Keywords: modified Rankin Scale (mRS), Stroke, Clinical outcome prediction, Tractographic feature, Machine learning
1. Introduction
According to the World Health Organization, 15 million people suffer strokes each year, the second leading cause of death (5.8 million) and the third leading cause of disability worldwide [8,13]. Around 87% of strokes are ischemic strokes, which result from an obstruction within a blood vessel in the brain [18]. The corresponding lack of oxygen results in different degrees of disability of people, and the modified Rankin Scale (mRS) is commonly used to measure the degree of disability or dependence in the daily activities of stroke patients [2,5,22].
Several studies [2,12,14,17,21,23] demonstrate significant correlations between stroke volume and mRS grades, with larger lesions predicting more severe disability. However, only a few studies [3,4,15] extracted different features, including first-order features and deep features, other than the volume from stroke lesion to predict the mRS grades of stroke patients. The study of Maier and Handels [15] is most relevant to our work. They extracted 1650 image features and 12 shape characteristics from the stroke volume, the volume surrounding the stroke and the remaining brain volume, and they applied a random forest regressor with 200 trees on these 1662 features to predict the mRS grades of stroke patients. However, the presence of stroke lesion may disrupt other brain regions that may affect the clinical outcome of stroke patients.
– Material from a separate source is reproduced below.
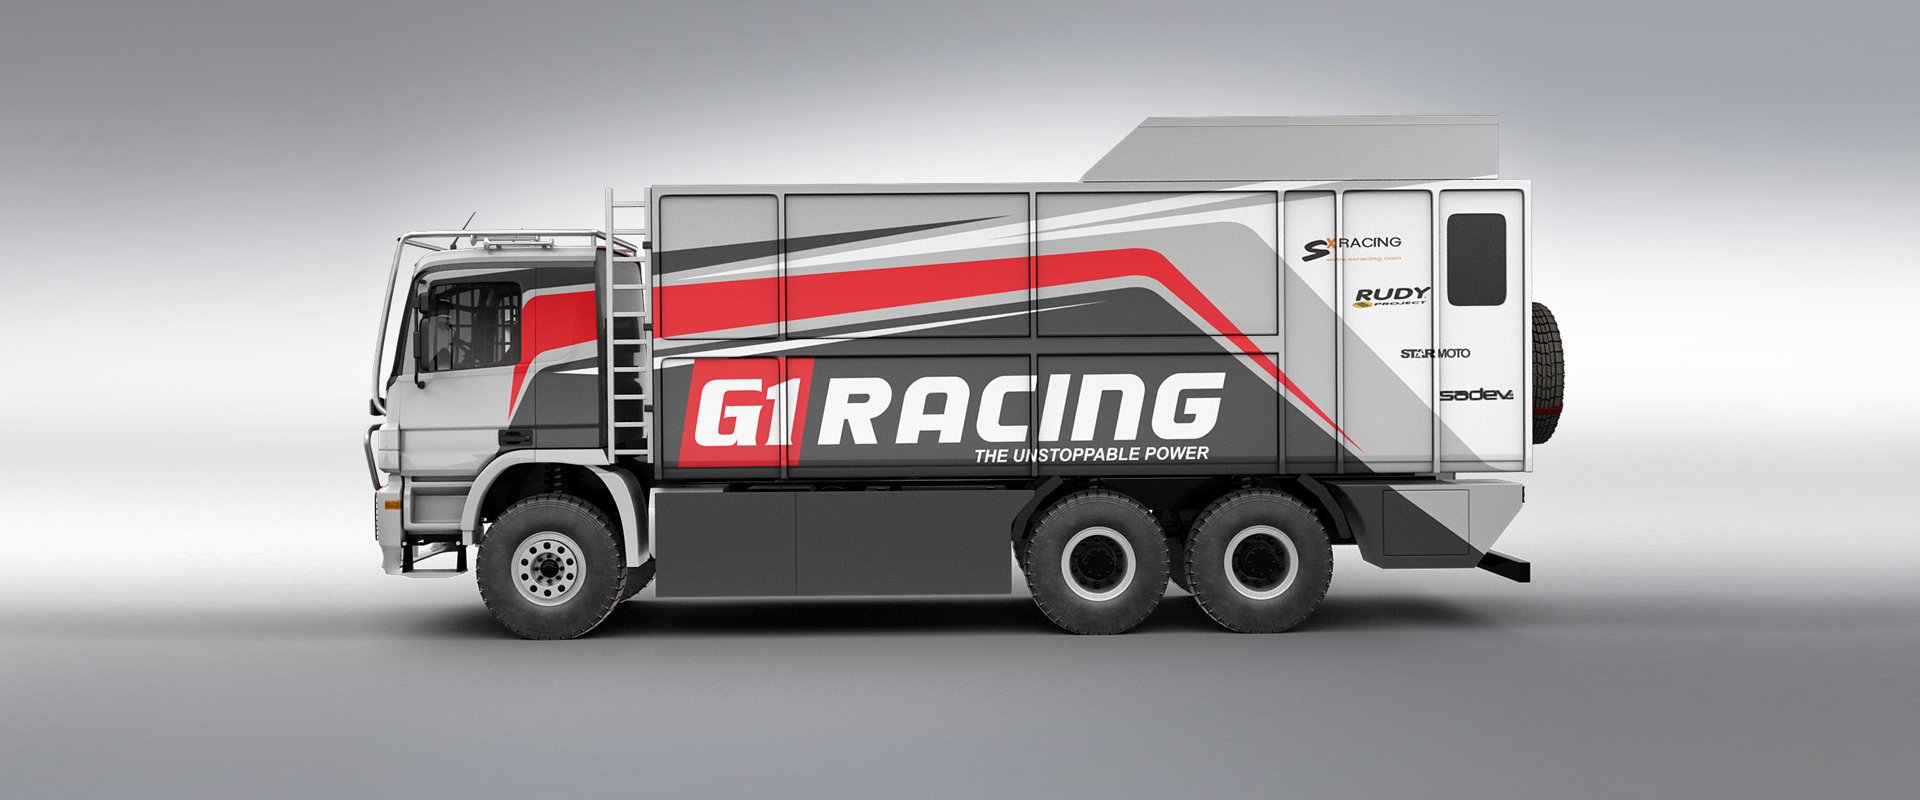 G1 Racing #2
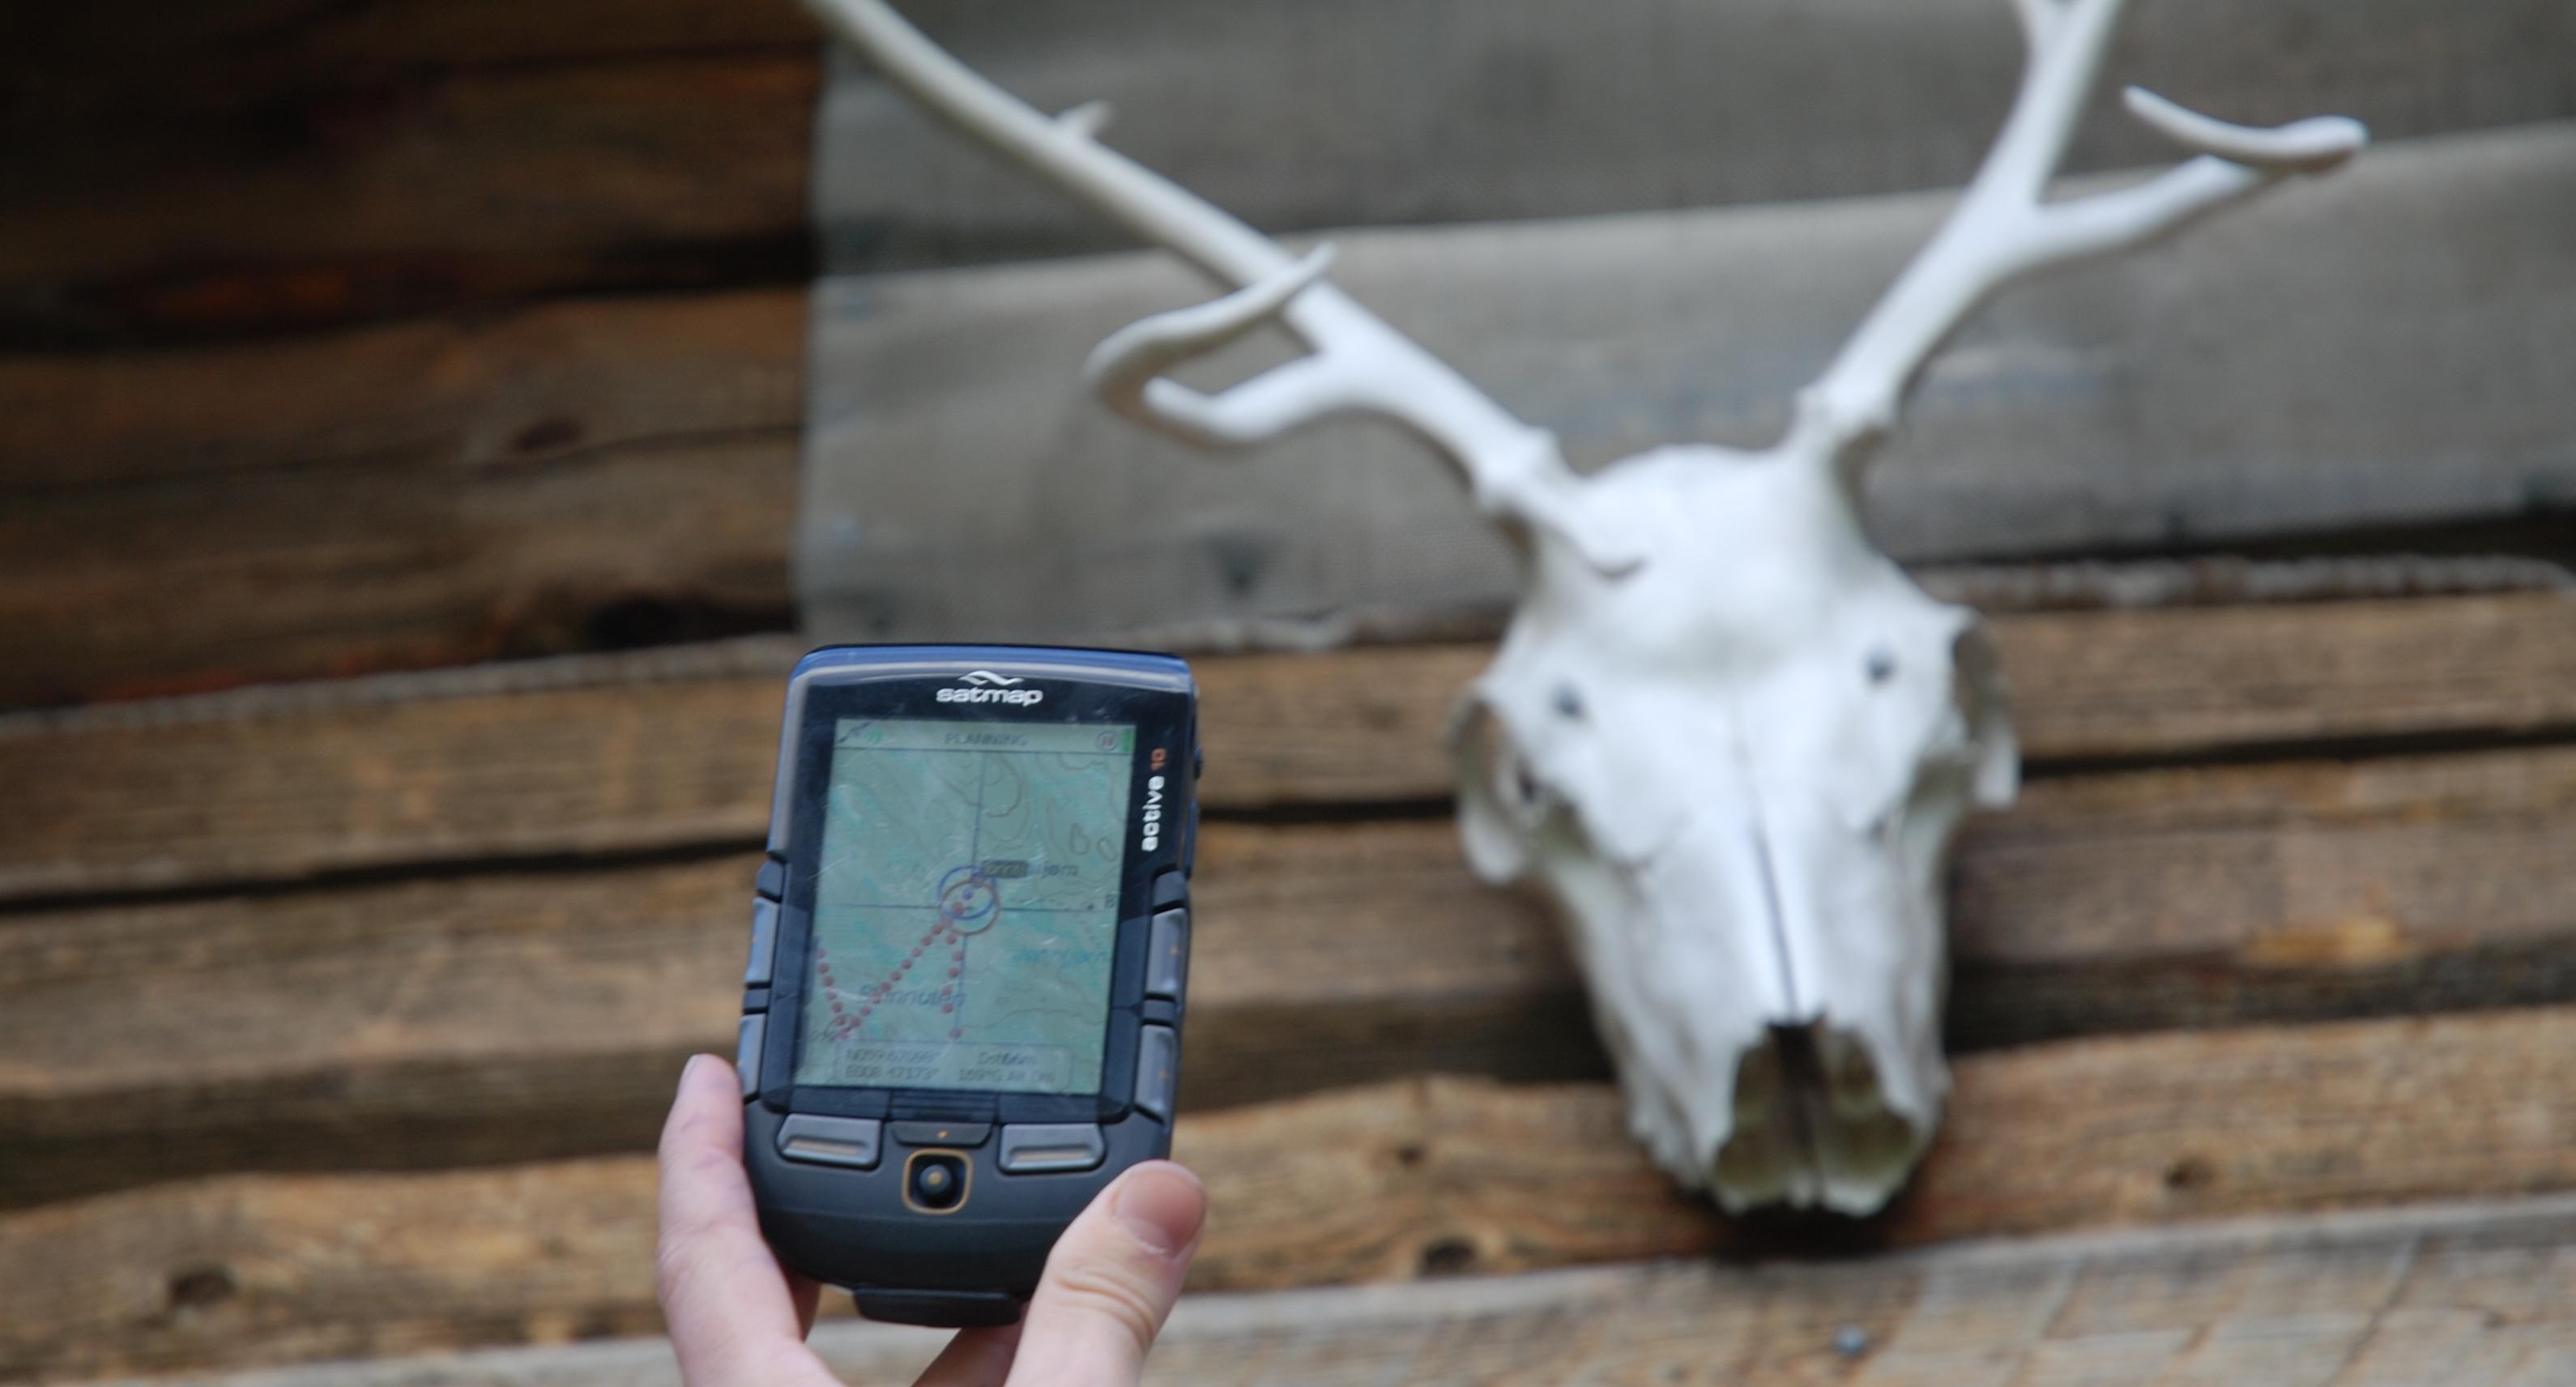 Satmap Active 10 er testens største GPS.

The main contribution of this paper is the introduction of a new second-order feature, the tractographic feature, that couples the stroke lesion of a patient with the average connectome information from a group of normal subjects. The tractographic feature describes the potentially damaged brain regions due to the neural disruptions of the stroke lesion. Ideally one would like to use the diffusion images from the stroke patient, but this is not a realistic scenario. For instance, the patient with mental in their body is unsafe for getting an MRI scan. Instead, we use the “normal” subject data from the HCP project with the assumption that the parcellations and the associated tracts computed from that data are a reasonable approximation to extract the connectivity features. These tractographic features coupled with the stroke lesion information are used to predict the mRS grades of stroke patients. The concept of the tractographic feature was first proposed by Kao et al. [9] who used these to predict the overall survival of brain tumor patients. We modify their method to adapt to the size of the lesions and propose a new weighted vector of the tractographic feature. Our experimental results demonstrate that the proposed approach improves upon the state-of-the-art method and the gold standard in predicting the clinical outcome of stroke patients.
2. Materials and Methods
2.1. Dataset
Ischemic Stroke Lesion Segmentation (ISLES) 2017 [10,16] provides 43 subjects in the training dataset. Each subject has two diffusion maps (DWI, ADC), five perfusion maps (CBV, CBF, MTT, TTP, Tmax), one ground-truth lesion mask and clinical parameters. The ground-truth lesion mask is built in the follow-up anatomical sequence (T2w or FLAIR) and the corresponding mRS grade was given on the same day. The clinical parameters include mRS grade ranging from 0 to 4, time-to-mRS (88 to 389 days), TICI scale grade from 0 to 3, time-since-stroke (in minutes), and time-to-treatment (in minutes). Since TICI scale grade, time-since-stroke, and time-to-treatment were missing for some subjects, these three clinical parameters are not used in this work. The dimension and voxel spacing of MR images are different between each subject, but they are the same within each subject. We only focus on the subjects who obtain an mRS grade at 3 months (90 days) following hospital discharge since ascertainment of disability at 3-month post-stroke is an essential component of outcome assessment in stroke patients [5], and the tractographic data may change at a different time. Therefore, only 37 subjects are considered in this paper.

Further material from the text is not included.